2.2 The comparisons between CO retrievals from the two satellite observations
Here we compare MOPITT and TROPESS-CrIS CO vertical profile retrievals from MOPITT V9T data (version 9, thermal infrared only) and the TROPESS Release 1.12 data. Both MOPITT and TROPESS-CrIS CO retrievals have been validated against aircraft in situ and other satellite measurements (George et al., 2009, 2015; Luo et al., 2007a, b; Deeter et al., 2019; Hegarty et al., 2022; Worden et al., 2022). Although the two data sets demonstrate general agreement in global distribution patterns in the lower, middle, and upper troposphere, such as variation between source regions, land vs. ocean, and the seasonality in the two hemispheres, there are some local differences mainly due to different observation times and locations. To provide context for comparison differences we examined CO volume mixing ratio variabilities in MOPITT data.

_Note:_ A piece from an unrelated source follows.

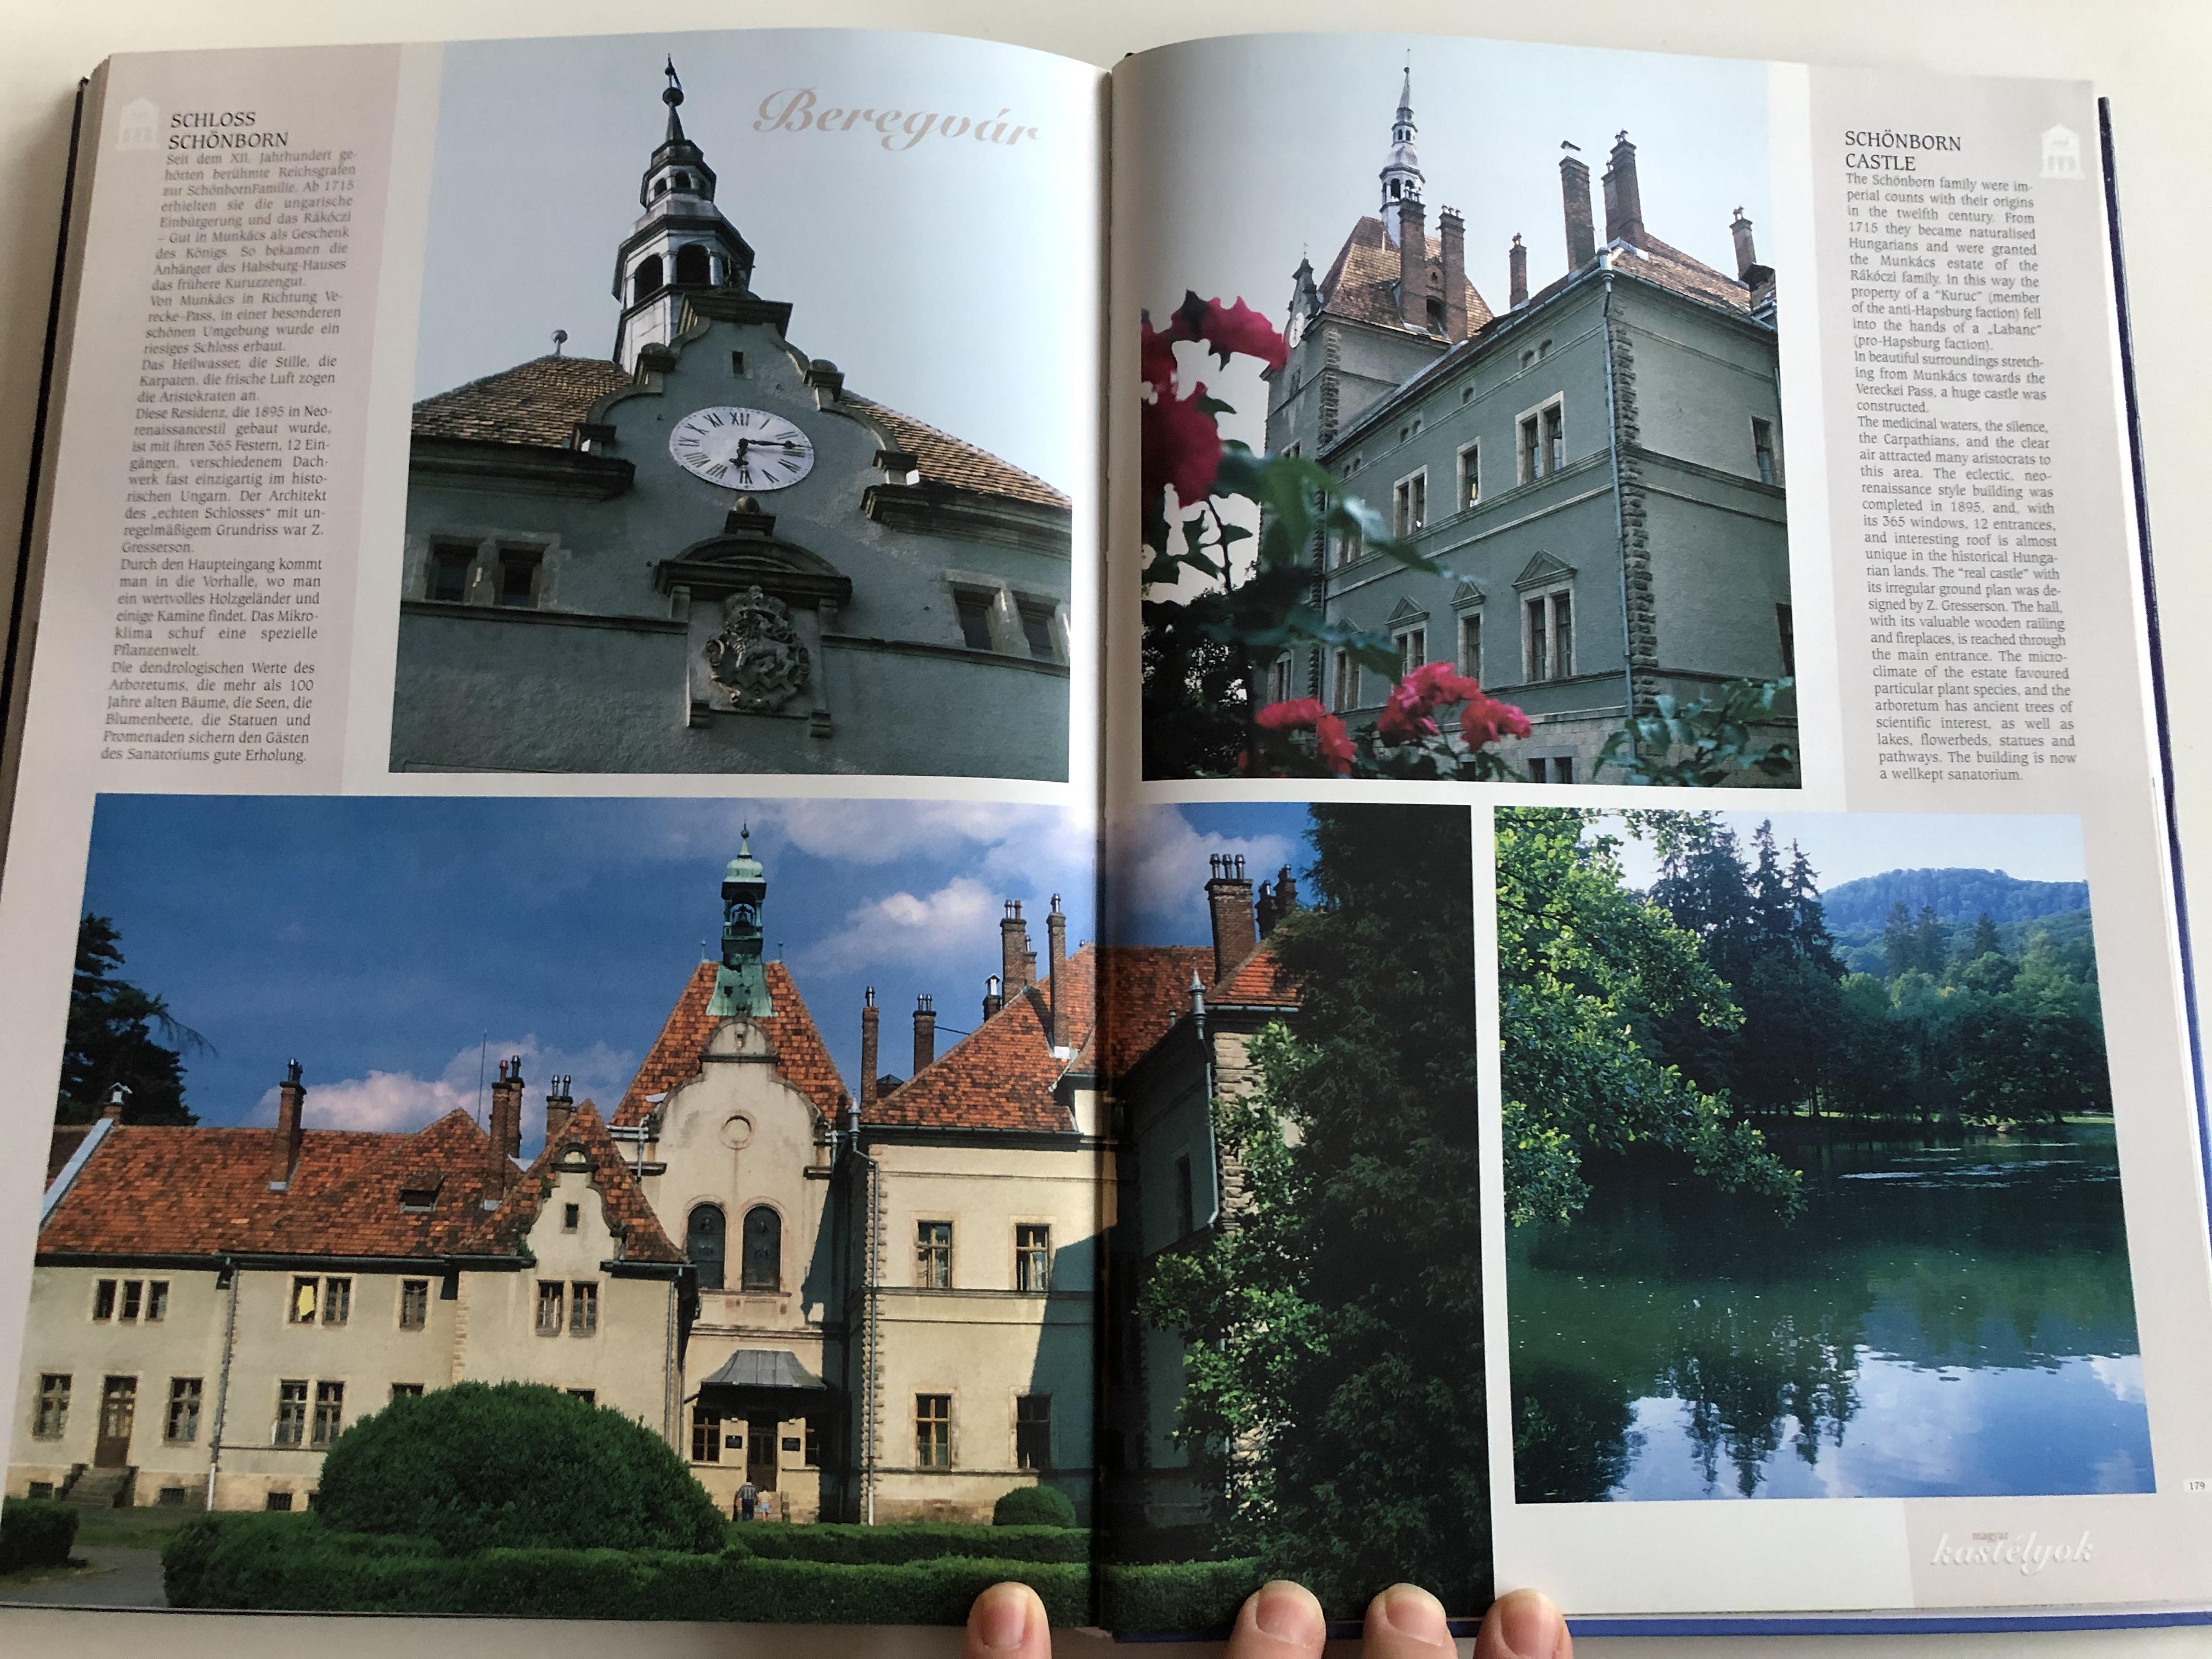 magyar-kast-lyok-by-bagyinski-zolt-n-one-hundred-hungarian-castles-and-mansions-16.jpg

For example, within a 500 km area and 24 h of a typical day in September, CO variations are about 12 % and 15 % in the lower and upper troposphere in North America, respectively.
The CO vertical profile retrievals from both MOPITT and TROPESS-CrIS are based on optimal estimation theory (Rodgers, 2000). The estimated radiance noise levels of the satellite instruments are propagated to retrieval measurement error (or precision). The a priori knowledge about the horizontal and vertical distributions from a CO climatology are also important constraints in the optimal estimate process. The a priori CO profiles are used as initial-guess profiles for both TROPESS and MOPITT CO retrievals. Different data processing teams use different a priori data. This will therefore cause differences in their retrieved profiles and the accompanying characteristic data. The steps for comparing TES-MOPITT CO profiles, i.e., how these are adjusted for the different a priori data, have been presented in Luo et al. (2007b). We selected a few days of TROPESS and MOPITT data over the four seasons of 2016 and made inter-satellite CO retrieval comparisons following the steps referenced above. The statistical comparison conclusions (details not shown) are similar for the selected days. They are also similar to a specific example case we show below.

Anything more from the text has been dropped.